Minding Animals en Aping Humans

Minding Animals en Aping Humans

Raymond Corbey

Hebben alleen mensen recht op een waardig leven?

De mens onderscheidt zich op allerlei manieren van het dier. Hij is mondig, redelijk, zelfbewust en heeft een vrije wil. Kortom, hij heeft een unieke waardigheid. Met de voortschrijdende darwinisering van mens- en wereldbeeld ligt dit denkbeeld echter steeds meer onder vuur, en dat staat op gespannen voet met de grondbeginselen van rechtsstaat en rechtspraak.

 

Er is iets fundamenteel mis met de manier waarop mensen andere diersoorten behandelen. Dat betogen zowel Lori Gruen als Marc Bekoff in onlangs verschenen werk. Een schrijnend voorbeeld is de exploitatie van de Aziatische zwarte beer, Ursus thibetanus, ook wel maan- of kraagbeer genoemd. Duizenden individuen worden in Oost-Azië gehouden om hun galzuur, van oudsher een gewild medicijn. Ze blijven tot dertig jaar lang permanent opgesloten in kleine kooien waarin ze geen kant opkunnen. Hun galzuur wordt op een pijnlijke manier afgetapt, periodiek of permanent, met katheters of via een gat in de buik. Wilde exemplaren van deze met uitsterven bedreigde soort doodt men om hun galblaas.

In tal van anekdotes in deze twee boeken komen dieren als individu naar voren. Zo beschrijft Gruen het leven van Shirley, een vrouwelijke Sumatraanse olifant, op vijfjarige leeftijd gevangen in 1953. Ze moest tot 1977 optreden in een circus. Na een verwonding werd ze arbeidsongeschikt en leefde ze nog ruim twintig jaar in een dierentuin – zonder soortgenoten, maar in hechte vriendschap met een oppasser. Met soortgenoten herenigd werd ze pas in 1999 in de uitgestrekte Elephant Sanctuary in Hohenwald, Tennessee. Daar leeft Shirley, nu in de zestig, nog steeds. Emotioneel, dramatisch zelfs, was haar weerzien, na 22 jaar, aldaar met een ander vrouwtje dat ze als jong had meegemaakt in het circus. Vanaf de eerste minuut waren ze onafscheidelijk.

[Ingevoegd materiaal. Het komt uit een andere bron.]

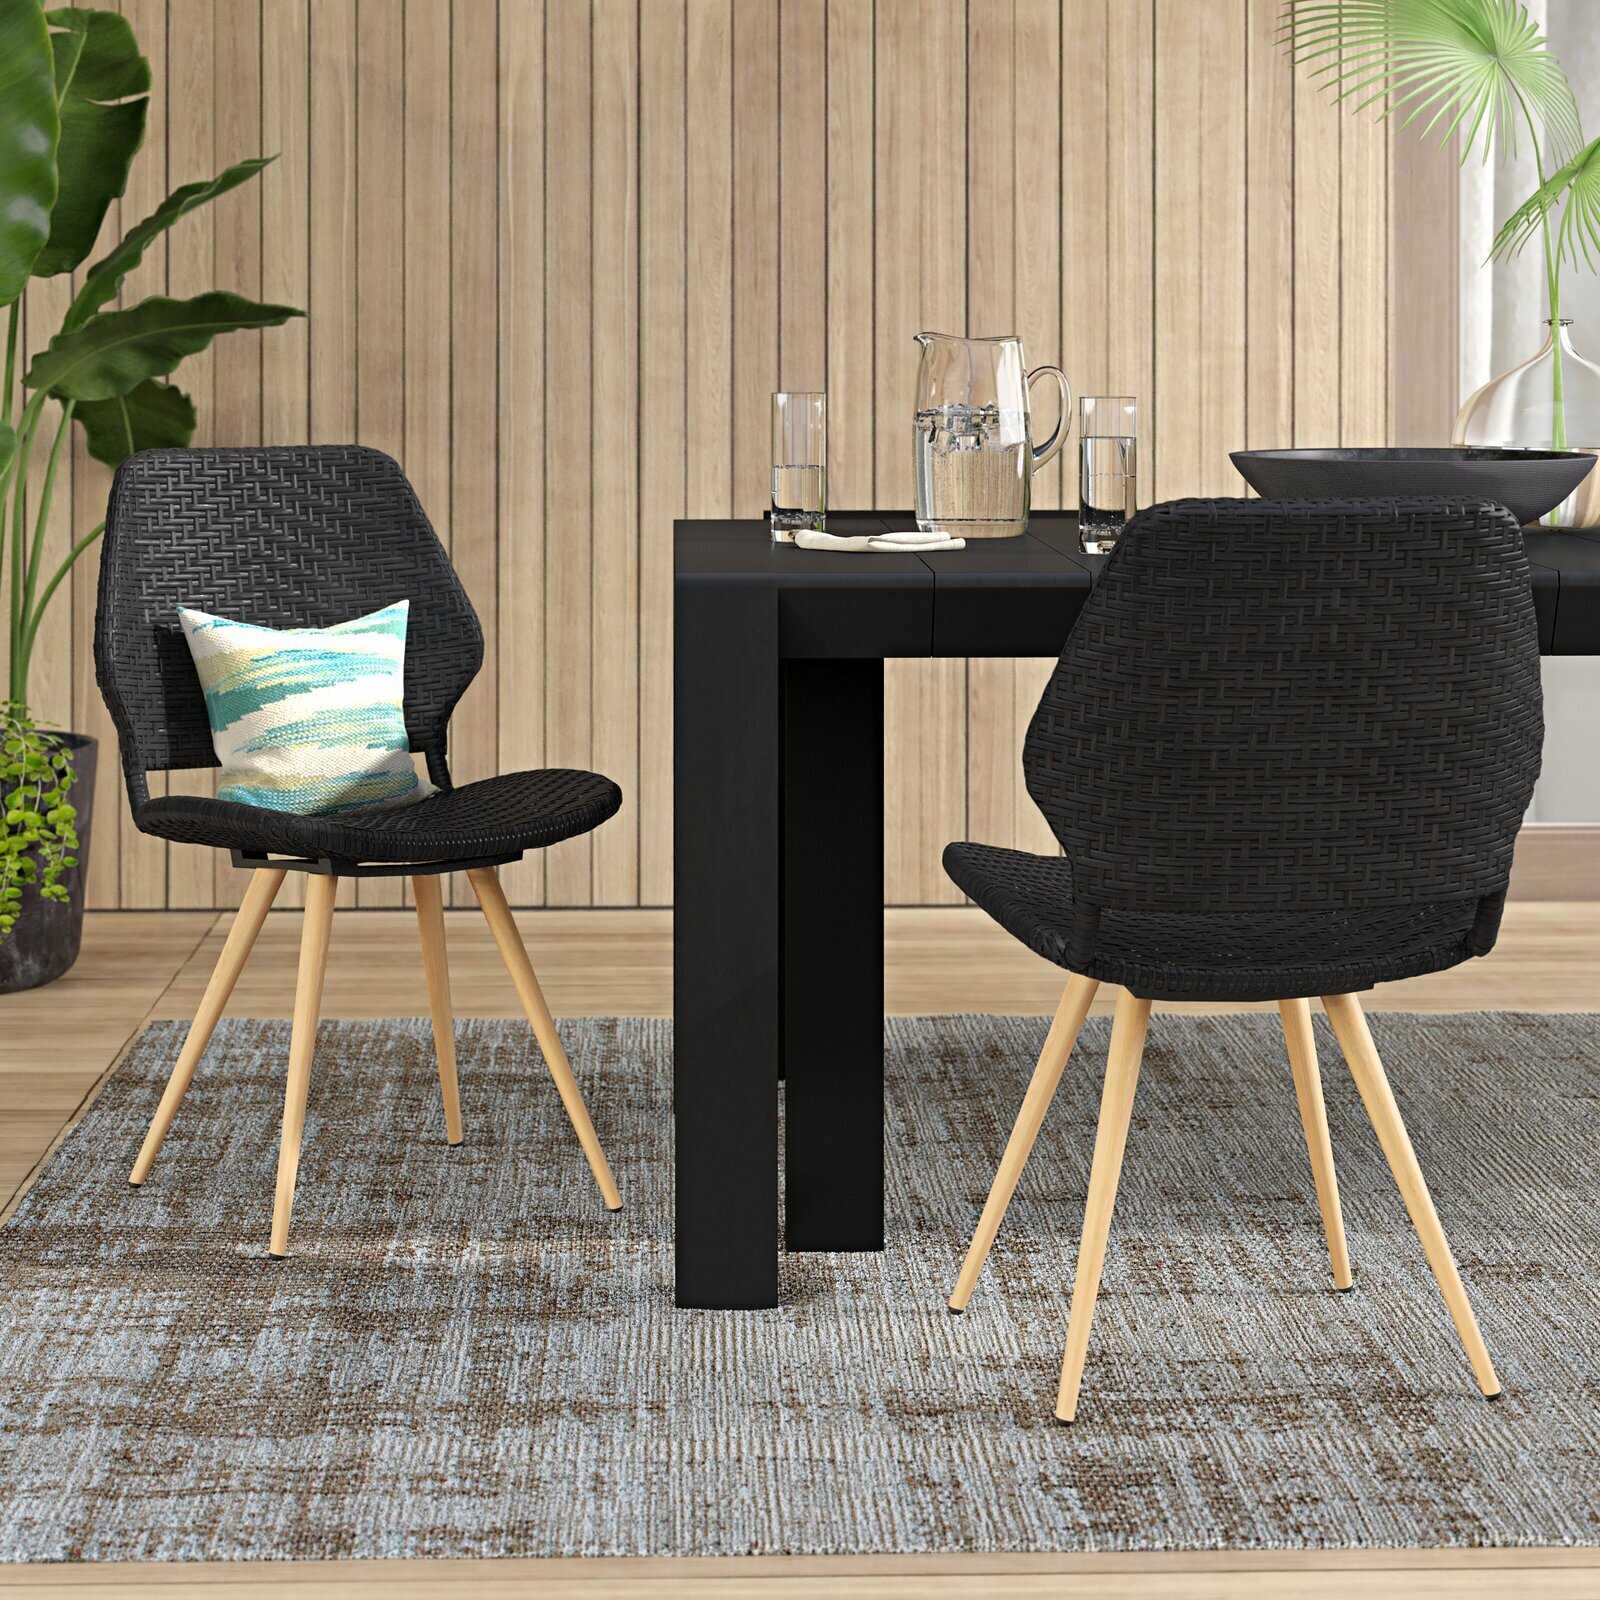 Tapered Black Wicker Chairs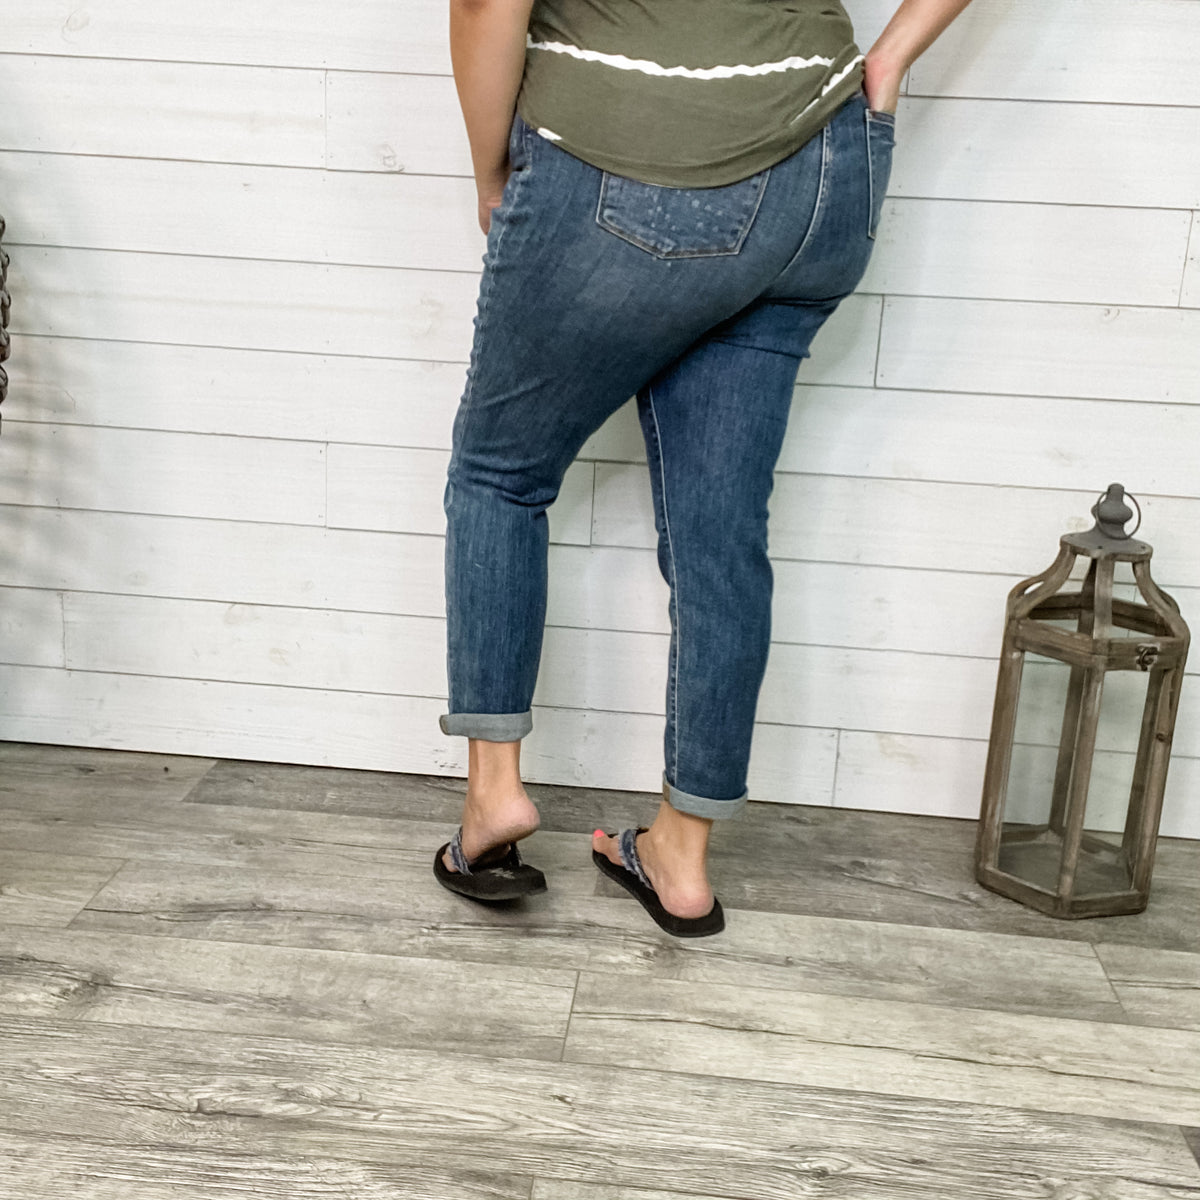 Thermal Judy Blues – the Savvy Jean

Tyson Foods Inc., de grootste vleesverwerkende onderneming in de Verenigde Staten, doodde in 2008 wekelijks 40 miljoen kippen, 140.000 koeien en 390.000 varkens, meldt Gruen. Hoe rechtvaardigen we zulke immens grootschalige praktijken, zo we dat al doen? In westerse wetgeving mag je mensen bijna niets aandoen, dieren des te meer. De onderliggende gedachte is in ruime zin kantiaans te noemen: mensen zijn mondige, zelfbewuste, redelijke wezens met een vrije wil. Ze zijn moreel verantwoordelijk voor wat ze doen. Als zodanig hebben ze een unieke waardigheid en staan ze hoog boven de andere dieren, waarvan ze essentieel verschillen. Maar ‘hoog boven’ is slechts een beeldspraak en ‘essentieel’ een begrip uit een goeddeels achterhaald aristotelisch denkkader.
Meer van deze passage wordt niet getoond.